Acercándose la copa a los labios, intentando evitar que su mano temblara, miró a su alrededor con la misma expresión aturdida de un sonámbulo. Había asistido a fiestas en la corte. Había asistido a lo que en la corte se consideraban fiestas disolutas, como por ejemplo la del día de los Santos Inocentes, donde supuestamente se dejaba de lado todo decoro. Pero al contemplar toda la locura y el desvarío que tenía lugar ante sus ojos, sus sentidos quedaron literalmente tan abrumados que no pudo comprender lo que estaba sucediendo, apareciendo ante sus ojos simplemente como un torbellino de colores, ruidos y fulgurantes luces.

A su alrededor se llevaba a cabo todo tipo de actividad imaginable, desde la batalla campal celebrada en el centro de la mesa hasta el galanteo desvergonzado en los sofás. Había osos bailando en los pasillos, acróbatas haciendo malabarismos con teas encendidas, niños cantando canciones obscenas, y paredes, suelos y techos estaban salpicados de comida. Si miraba hacia un lado se sentía horrorizado; si miraba hacia otro, turbado; si miraba más allá, le entraban náuseas.

—¿Piensas en mí? —susurró una dulce voz al oído de Saryon.

El catalista dio un respingo.

—Desde luego —respondió apresuradamente, volviéndose para mirar a Elspeth, quien le sonrió y, pasando una mano por dentro de la manga de su túnica, le acarició el brazo con suavidad.

Y al mirarla, el catalista se dio cuenta de una cosa: aunque a su alrededor todo fuera caos, ella en sí misma era un refugio de paz, de tranquilidad. Se sintió atraído hacia ella aunque sólo fuera para escapar de la locura.

—Y ahora —dijo ella, haciendo un pequeño puchero—. Me dirás por qué no has estado nunca con una mujer. Me doy cuenta de que te gusta que te toque —añadió, al notar cómo los músculos de Saryon se tensaban de forma involuntaria.

—No..., no es la... costumbre... entre mi gente —tartamudeó Saryon, pasando la lengua por los resecos labios y haciendo que ella lo soltara para tomar su copa de vino—. Semejante... apareamiento... lo hacen los animales, pero no los hombres y... hum... mujeres... civilizados.

—Había oído algo de eso —dijo Elspeth, mientras en sus plateados ojos brillaba la risa y el asombro—, pero no lo creí. —Se encogió de hombros, mientras sus pechos, adornados de muguete, subían y bajaban con la acompasada respiración—. ¿Cómo tenéis hijos, entonces?

—Cuando se dio a conocer al pueblo la voluntad de Almin con respecto a este asunto —explicó Saryon, con voz temblorosa—, a nosotros, los catalistas, junto con los
Theldara
, los hechiceros especializados en estos ritos, se nos facilitaron los conocimientos necesarios para efectuar esa ceremonia.
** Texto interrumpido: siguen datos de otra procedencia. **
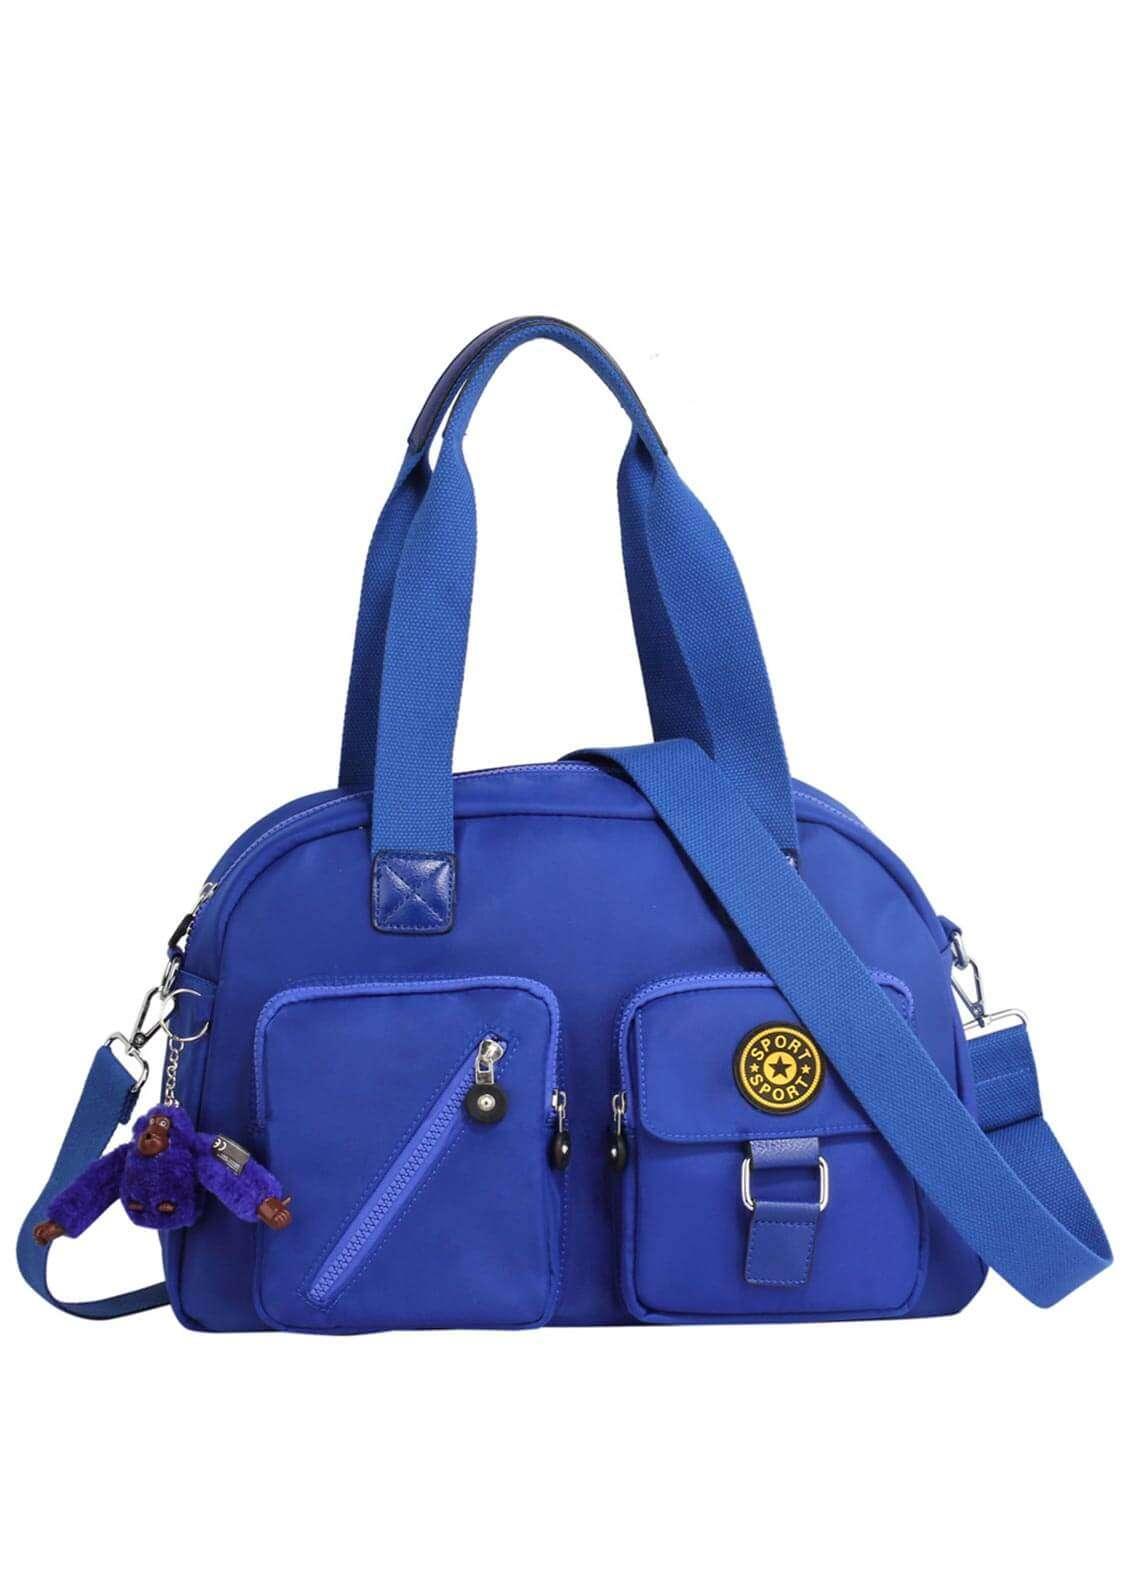 Anna Grace London Faux Leather Shoulder Bags for Woman - Blue

Después de todo, el otorgar una vida es un don sagrado y sólo debe realizarse estando en el más... más respetuoso estado de ánimo.

Y mientras lo decía pensó en lo estúpido que sonaba todo aquello, estando allí junto a aquel suave cuerpo...
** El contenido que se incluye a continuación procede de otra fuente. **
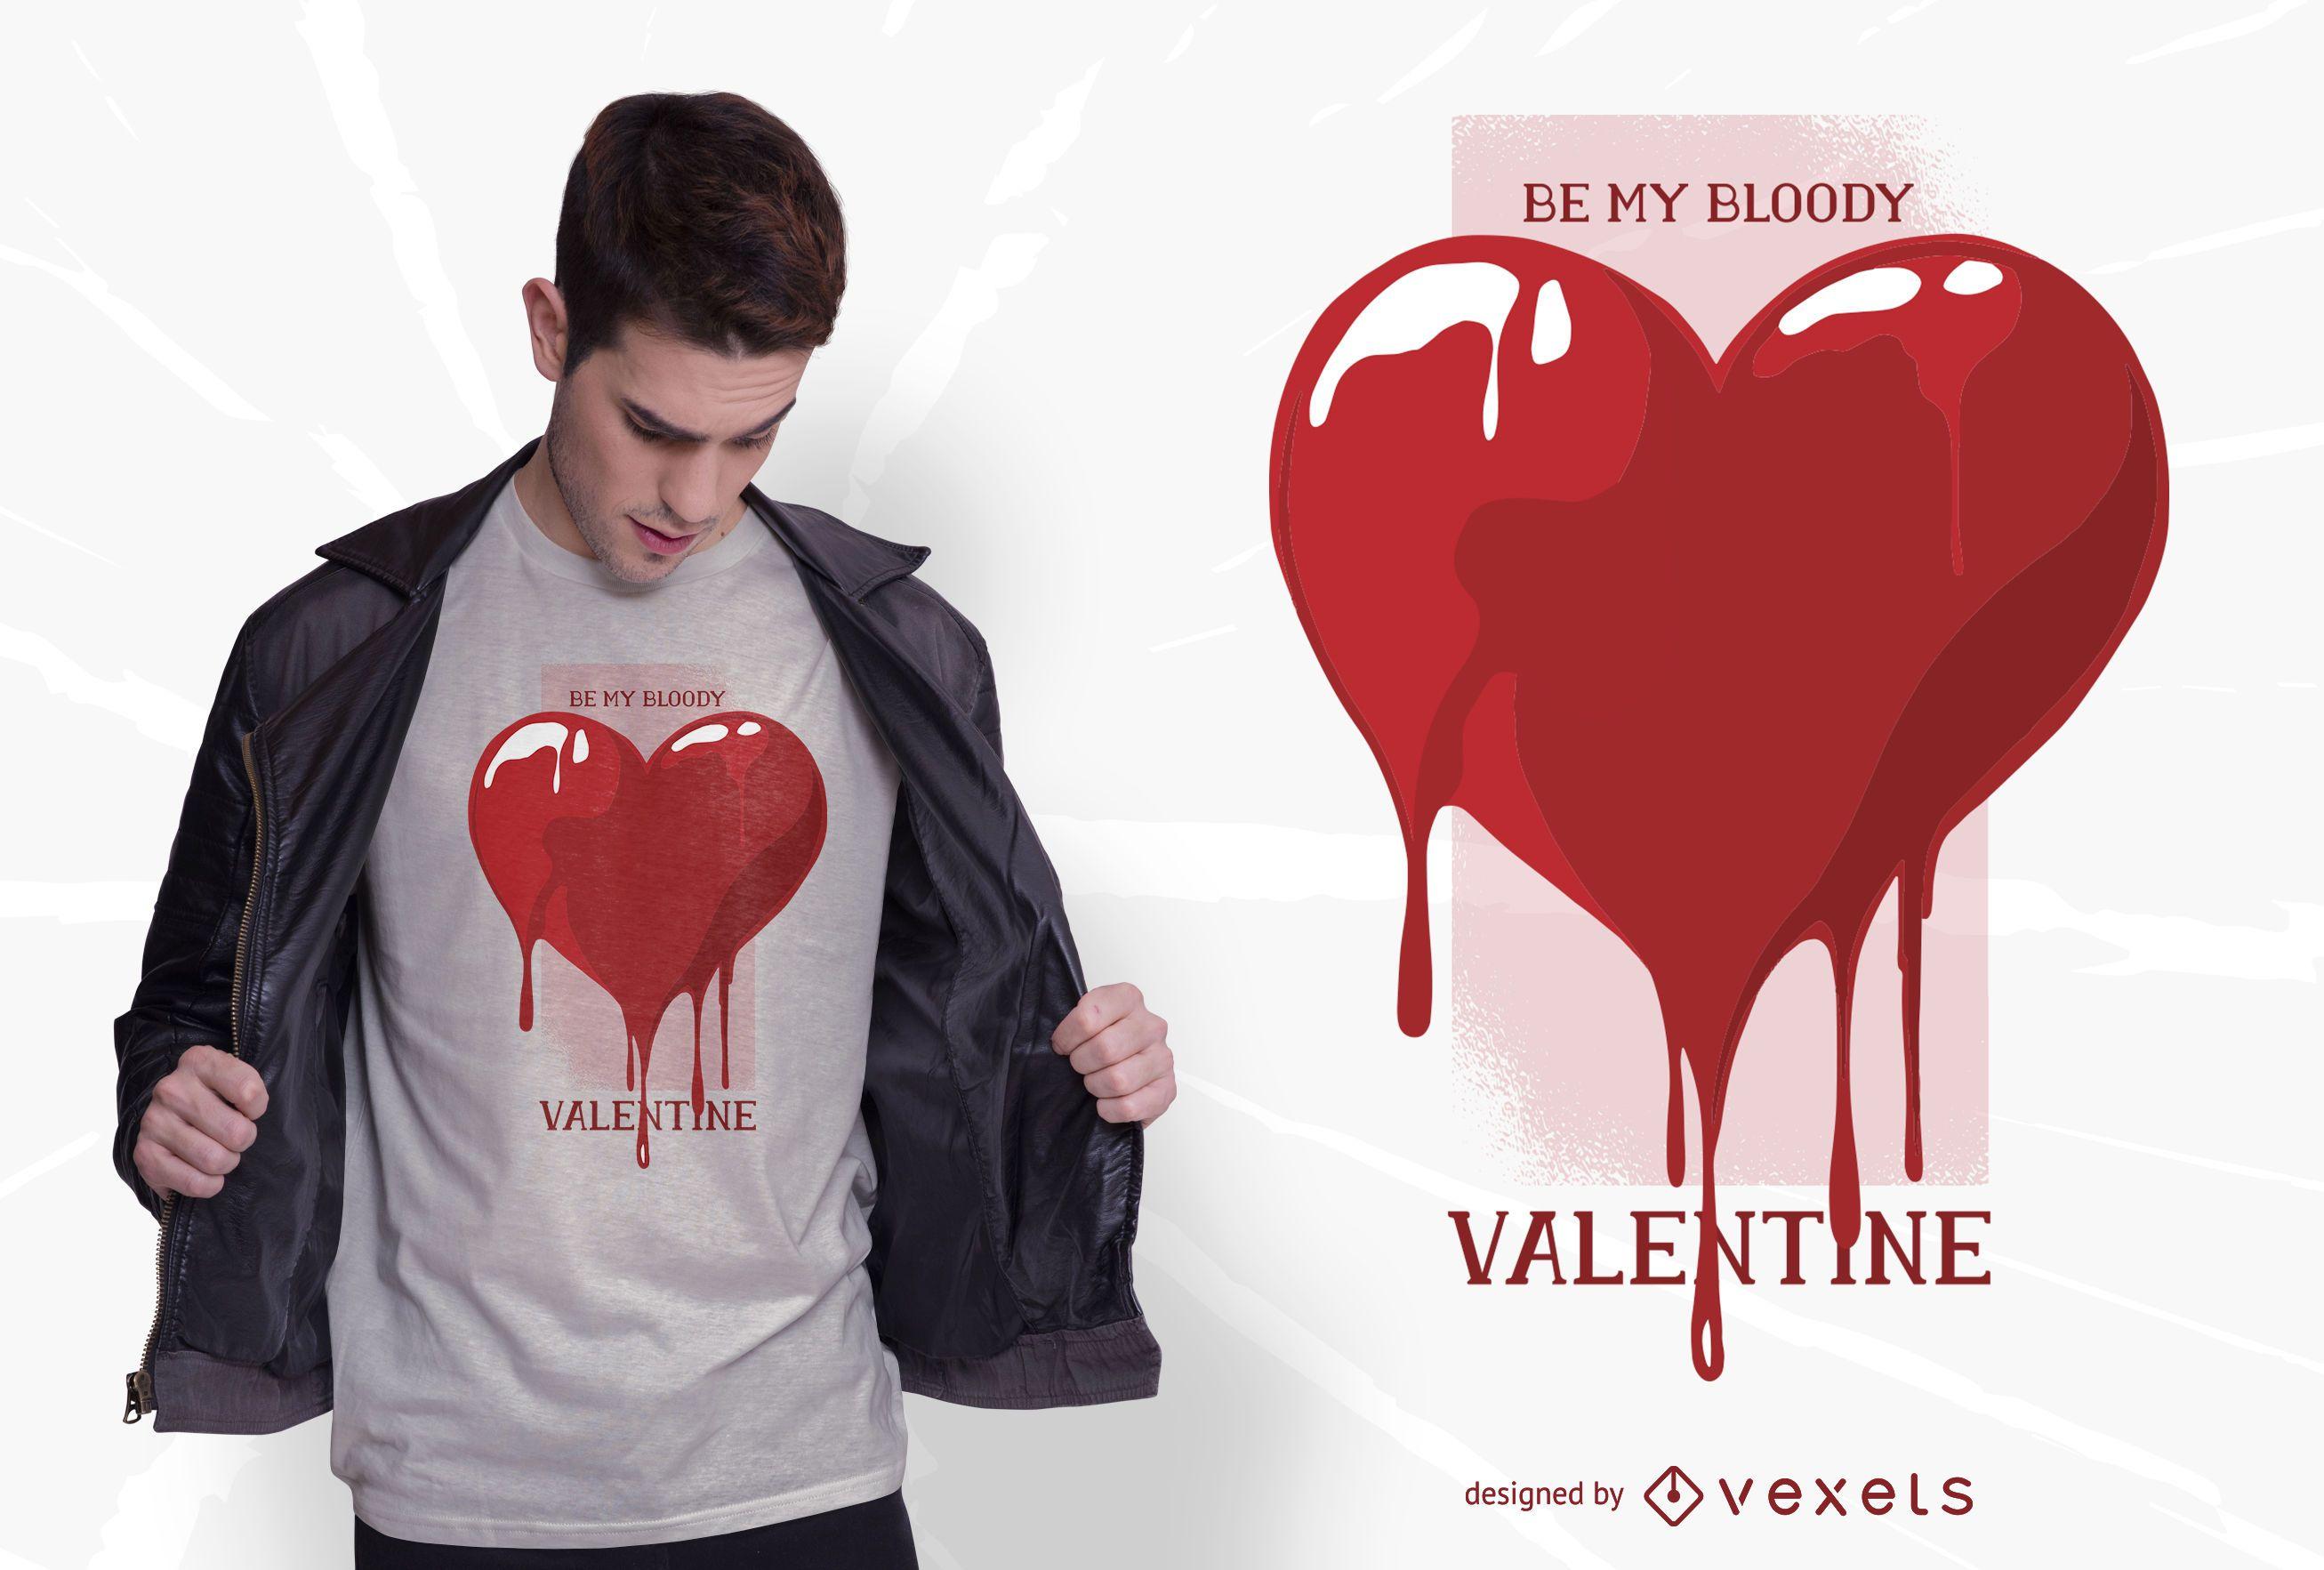 Bloody heart valentine t-shirt design

—Un discurso realmente be... be... bello —lloriqueó Simkin, haciendo que su copa de vino se llenara de nuevo—. Vas a ser un padre maravilloso. ¡Igual que el mío!

Derrumbándose, apoyó la cabeza sobre el brazo de Saryon y se echó a llorar.

—¡Simkin! —siseó Saryon, sacudiéndolo, consciente de que los relucientes ojos de Elspeth estaban fijos en ellos—. ¡Deja esto! ¡Siéntate derecho!

Simkin se sentó derecho, pero sólo para pasar un brazo alrededor del cuello de Saryon arrastrándolo con él y haciendo que el catalista se diera un buen golpe en la cabeza con la mesa.

—¿Qué estás haciendo? —exigió Saryon, intentando liberarse y medio asfixiándose a causa de los vapores alcohólicos que escapaban de la boca de Simkin.

—Echto... cheñal —dijo Simkin en un sonoro susurro, pasando su otro brazo alrededor del cuello del catalista y levantando la cabeza para sonreírle con expresión de borracho—. Es hora de —lanzó un eructo— echcapar.

—¿Qué? —inquirió Saryon, intentando aún liberarse de Simkin.

Pero cada vez que conseguía aflojar una de las manos del joven, la otra se enroscaba de nuevo a su alrededor. Simkin se colgó de su cuello; luego, cayendo hacia adelante, se abrazó a su cintura, para después, apoyando la cabeza sobre su pecho, colgarse desmañadamente de sus hombros.